After having persistent problems with the Xen virtual NIC locking up, LordCow and I recently migrated the services running in two virtual machines onto the host itself (followed by removing Xen altogether). To avoid having to change DNS entries and other things, we decided to bind the old IP addresses to alias interfaces on the host.
When we did this, we found that we could ping the alias interface from within the local subnet, but not from elsewhere on the network.
tcpdump showed ICMP echo requests arriving from the gateway, but no response being sent. Jaco suggested layer 2 problems, and indeed, when I ran
tcpdump -p (which disables promiscuous mode capture) I could no longer see the requests.

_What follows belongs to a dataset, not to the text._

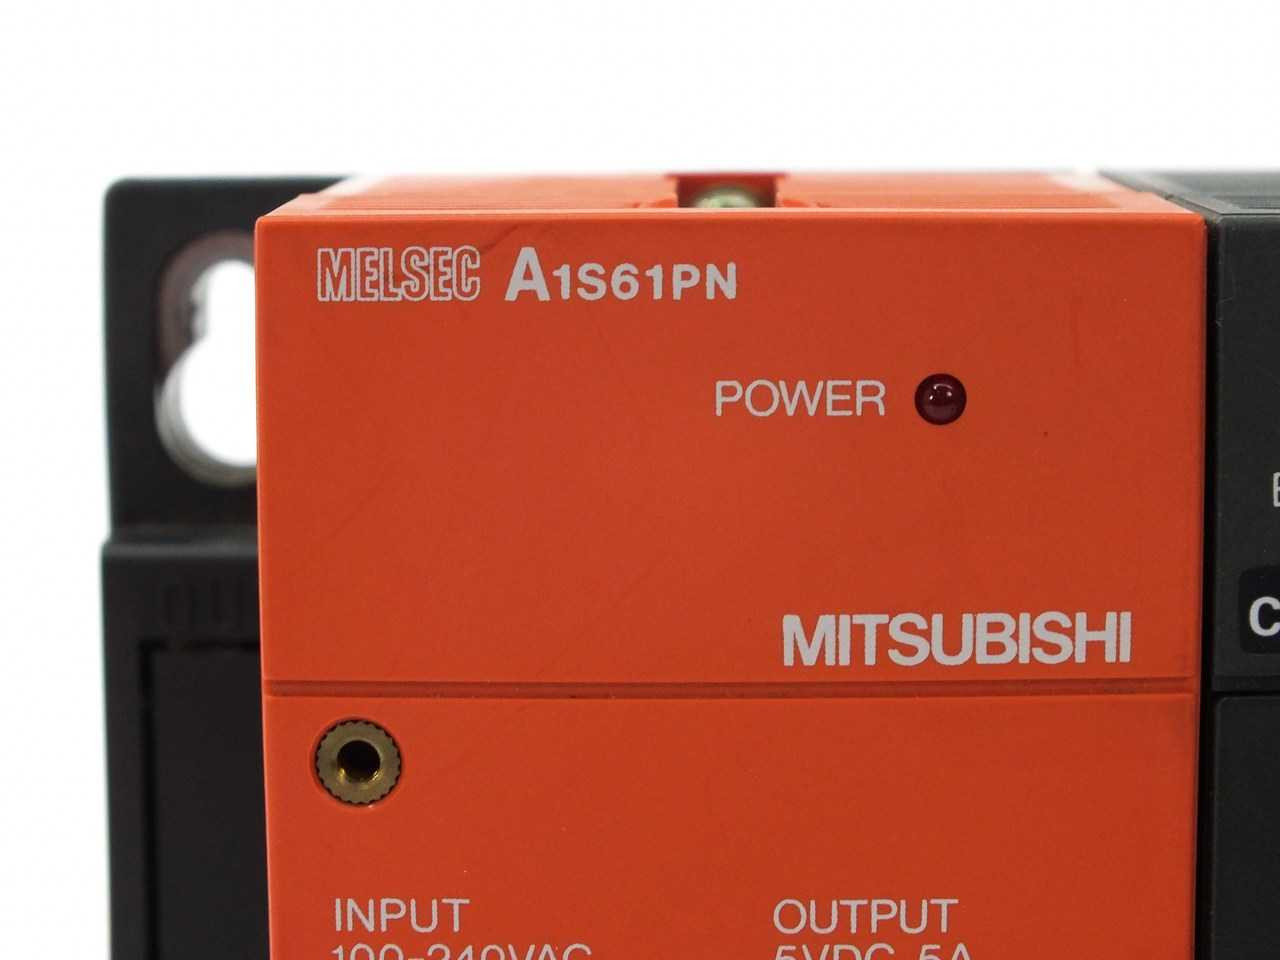 Mitsubishi A2SHCPU Melsec PLC w/ A1S61PN Power Supply -A1SX42

Using
tcpdump -e (print link-layer header) revealed the echoes where arriving with the destination MAC address that the Xen VM was using before we nuked it some hours prior.
It turns out the router (which is a Cisco Catalyst 3560E) to which our machine is directly connected, had a stale ARP table entry (not normal), but no MAC address table entry (which is normal, since that MAC was no longer in use), so it was flooding the echoes out every port.
Edgar (the network admin) had a look on the switch for us, and found this ARP table entry:
Internet 137.158.xxx.yyy 235 0016.3e32.fc87 ARPA Vlan309
If I’m right, that 235 is the entry’s age in minutes. Seems like an IOS bug to me.
The solution was to manually flush the ARP entries (for both IP addresses) on the switch with:
clear ip arp 137.158.xxx.yyy